Stream queue on different application structure to original queue
When STREAMQ uses a queue on a different structure to the original queue, there is additional cost in both the z/OS LPAR and the Coupling Facility, and this is due to the impact of additional CF work at the time of the commit.

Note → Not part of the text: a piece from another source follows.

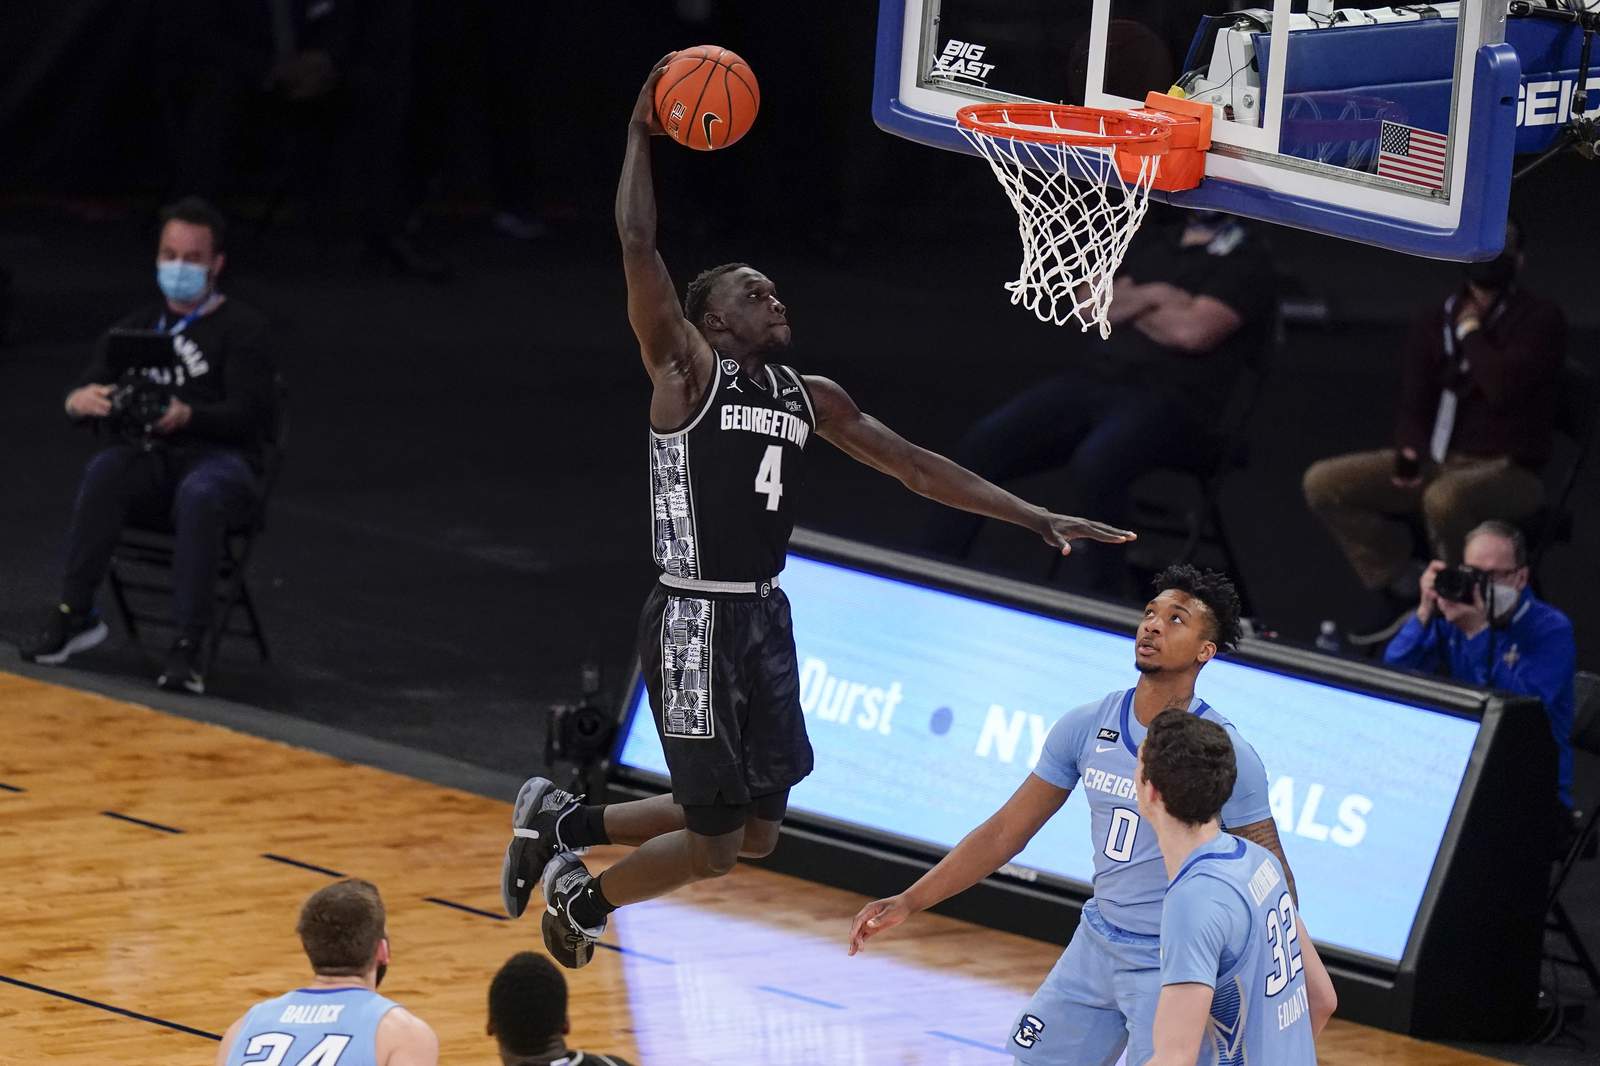 Ewing's exit? Hapless Hoyas blown out of Big East Tournament

The following table again uses the CF statistics discussed in blog "MQ for z/OS - CF Statistics" to illustrate the differences.
|
Queues on same structure |
Queues on different structure |
MQPUT to base and streaming queue |
2 x "New" |
2 x "New" |
MQCMIT |
1 x "New" 1 x "Write" 1 x "MoveEnt" |
2 x "New" 1 x "Write" 2 x "MoveEnt" |
z/OS cost per MQPUT (CPU microseconds) |
14 |
15 |
z/OS cost per MQCMIT |
8 |
18 |
CF cost per MQPUT |
8 |
8 |
CF cost per MQCMIT |
11 |
29 |
When the queues are on different application structures, the MQ commit has to make 1 additional "New" and 1 additional "MoveEnt" request to the CF, which in our measurements took 18 CPU microseconds in the Coupling Facility. Less responsive or CF's located at distance from the z/OS LPAR may see a larger disparity in performance when using separate structures.
A reminder...
And finally, a reminder that the mqperf github repository contains performance reports and white papers on a range of MQ performance topics for both z/OS and distributed platforms.